The paper "True Multimodal In-Context Learning Needs Attention to the Visual Context" (2507.15807) investigates the limitations of current Multimodal LLMs (MLLMs) in effectively utilizing visual information during Multimodal In-Context Learning (MICL). Despite advancements in standard vision-language datasets, MLLMs primarily rely on textual patterns, often neglecting visual cues which hampers true multimodal adaptation.

Limitations of Current MLLMs

Research has illustrated that MLLMs struggle to integrate visual information, leading to unimodal responses that mimic text patterns. This is often misinterpreted as improved task performance because existing benchmarks don't adequately differentiate between unimodal text imitation and true multimodal learning. For example, image captioning can yield comparable results even when context images are omitted [chen2023understanding].

Dynamic Attention ReAllocation (DARA)

To address these issues, the paper introduces Dynamic Attention ReAllocation (DARA), a fine-tuning strategy that redistributes attention across visual and textual tokens in MLLMs. DARA employs learnable parameters to enhance the model’s focus on visual tokens within attention scores, promoting genuine multimodal adaptation without significant parameter overhead. The effectiveness of DARA is exemplified in quantitative improvements on various MICL tasks.

Figure 1: Attention heatmaps over input images without (top) and with (bottom) applying DARA.

TrueMICL Dataset

To reliably evaluate MICL capabilities, the paper presents TrueMICL, a dataset specifically designed to necessitate the integration of visual context for task completion. Unlike traditional benchmarks, TrueMICL emphasizes visual context dependency, novel image-text mapping, and comprehensive task learning. Through tasks like Operator Induction and Clock Math, TrueMICL challenges models to derive answers from visual information, ensuring that the capability to learn from multimodal context is measured.

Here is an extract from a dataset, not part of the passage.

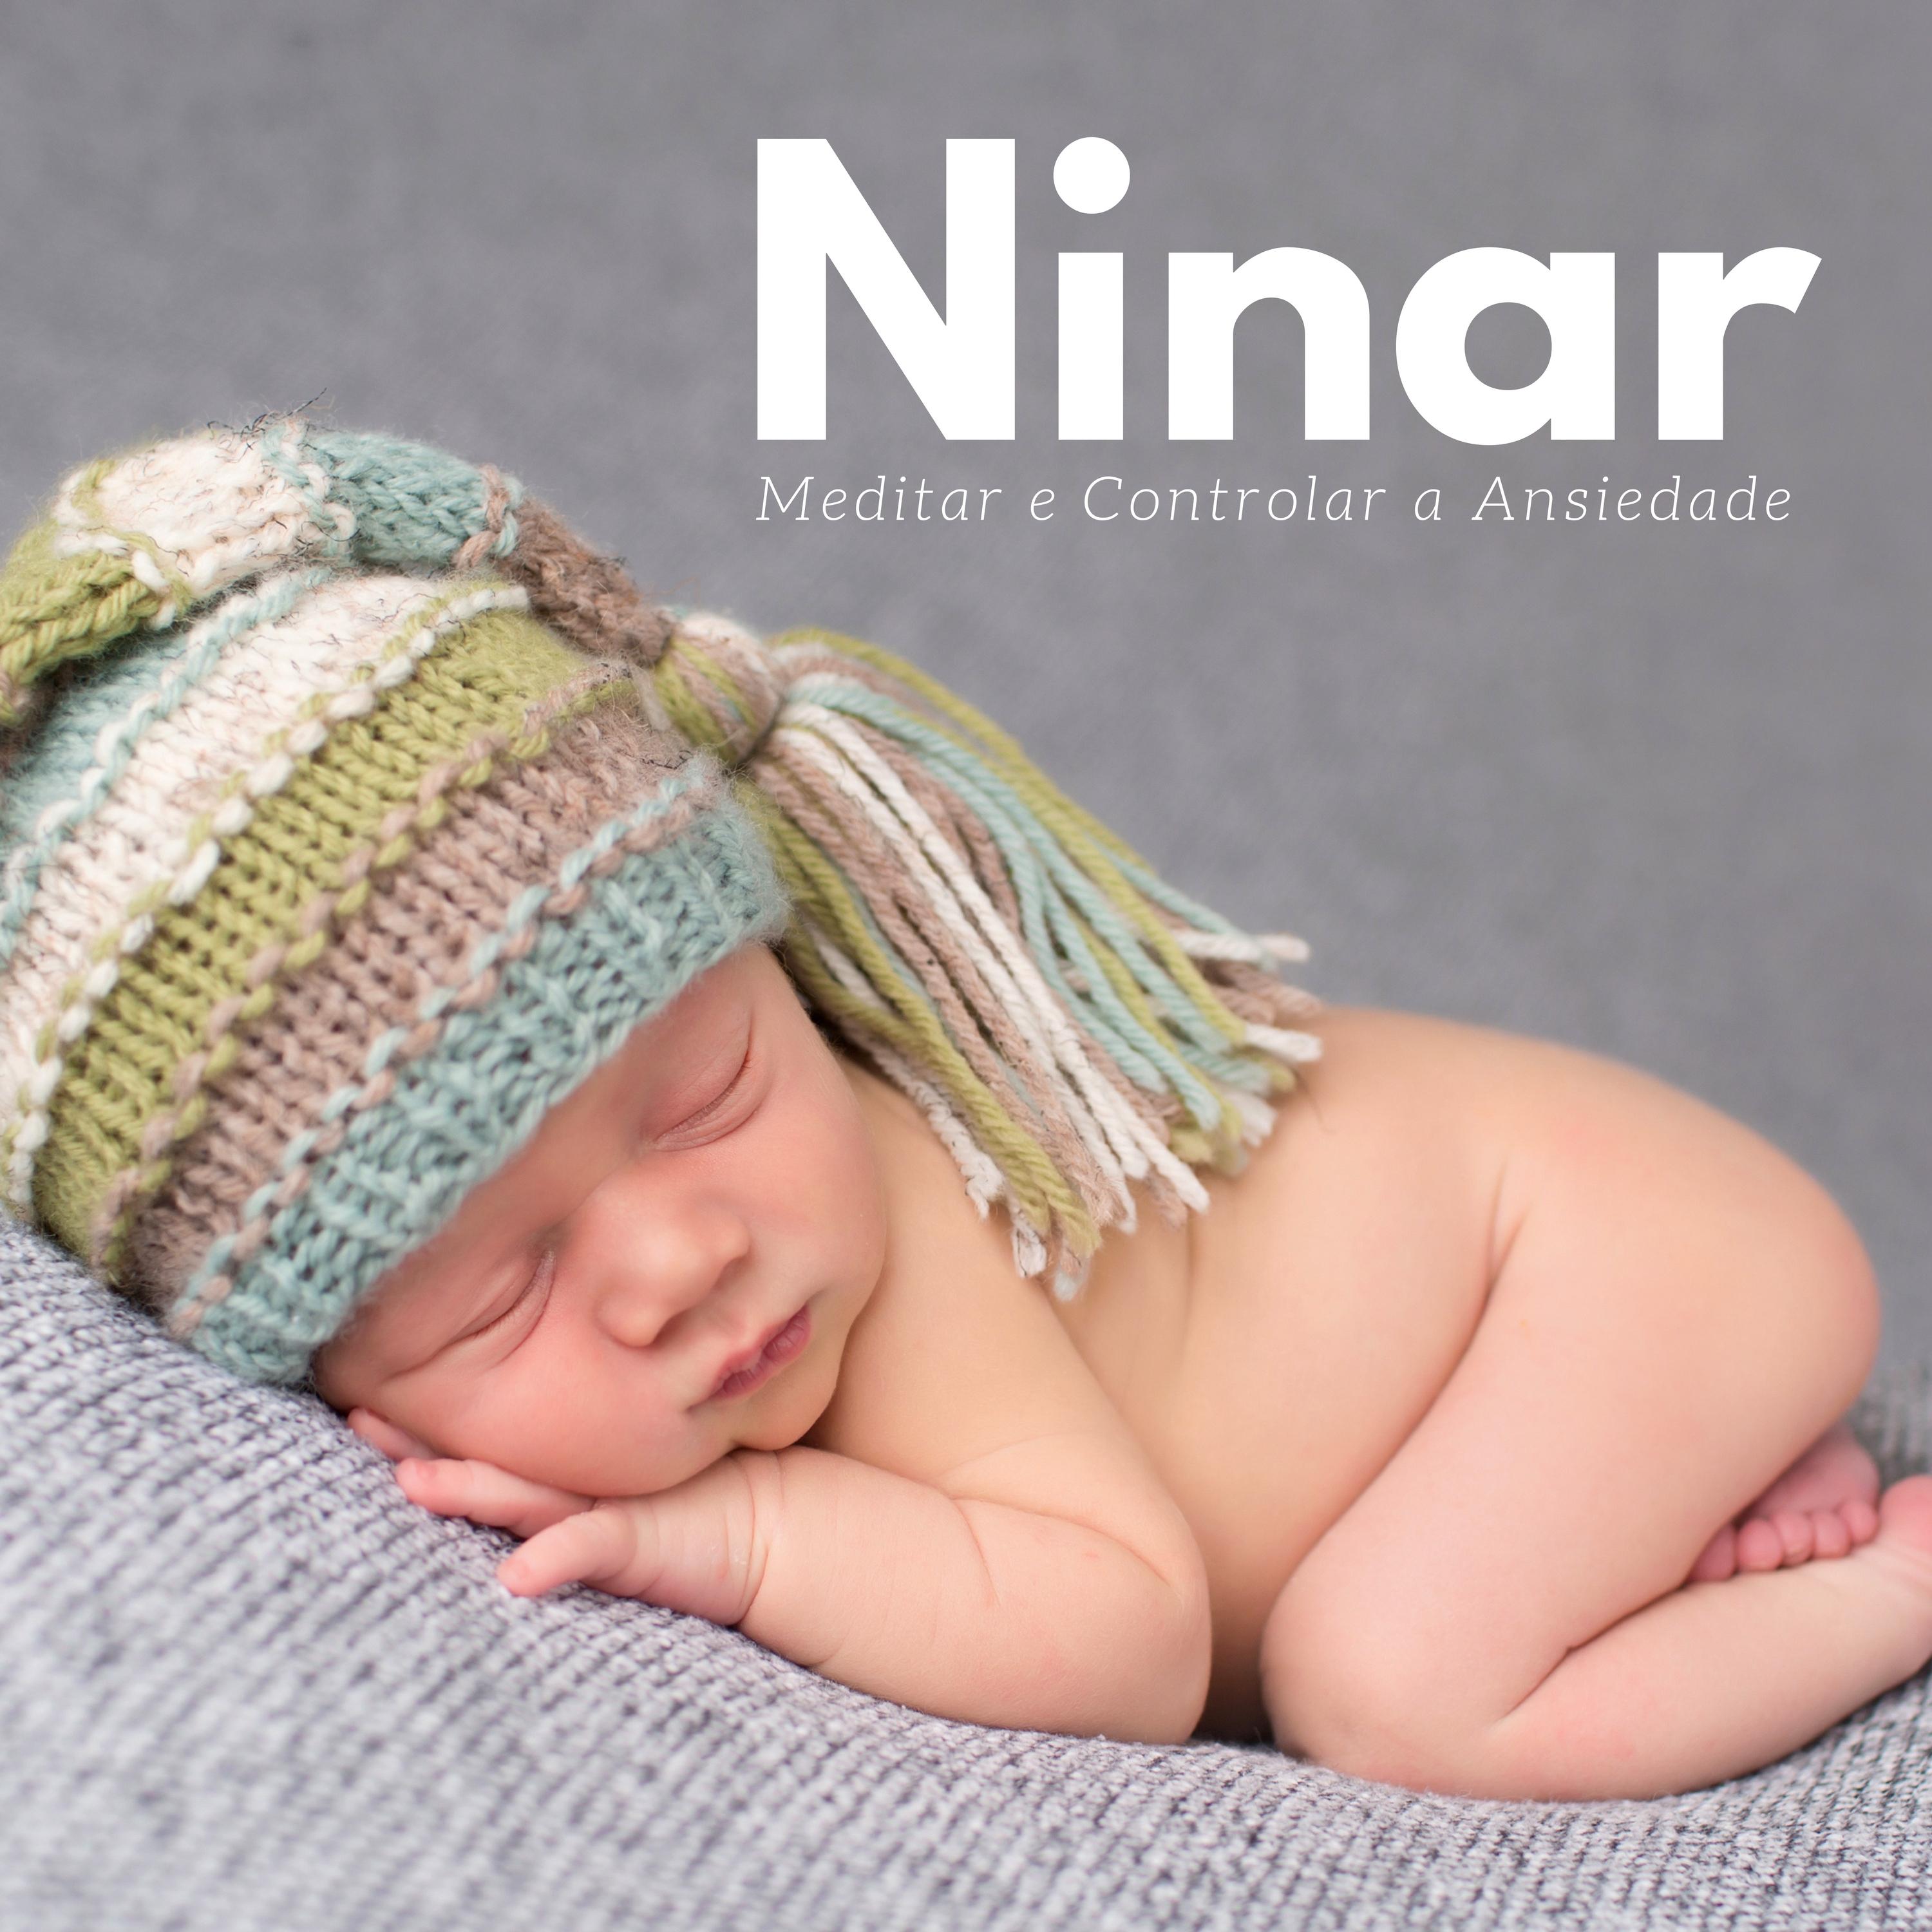 Ninar - Meditar e Controlar a Ansiedade, Música para Bebês e Adulto, Música Ambiente, Acalmar Recém-Nascido, Massagem e Relaxamento, Música Calma para Dormir

Figure 2: Examples of using MICL to solve image captioning from MSCOCO and Clock Math from TrueMICL.

Experimental Insights

The paper's empirical results highlight the effectiveness of DARA and TrueMICL in fostering multimodal learning. Models fine-tuned with DARA show substantial improvements on TrueMICL benchmarks compared to baseline methods like Random or LoRA, which require significantly more parameters to reach similar performance levels. DARA’s lightweight nature and parameter efficiency provide a viable route for enhancing MICL without extensive computational resources.

Figure 3: Performance comparison on Operator and Clock tasks across three models with different numbers of shots, showing consistent improvements with DARA.

Implications and Future Directions

This research offers critical insights into advancing MICL capabilities. By leveraging DARA and TrueMICL, models can improve in visual context understanding, paving the way for more efficient multimodal learning systems. Future work may focus on refining these approaches, extending the dataset to cover broader tasks, and exploring synergistic integrations with other parameter-efficient fine-tuning methods.

Conclusion

The paper introduces pivotal strategies for addressing the unimodal limitations in current MLLMs, promoting true multimodal in-context learning. DARA's efficient attention reallocation and TrueMICL’s rigorous benchmarks collectively propose a framework for evaluating and enhancing MICL, presenting practical advancements in the development of multimodal AI systems.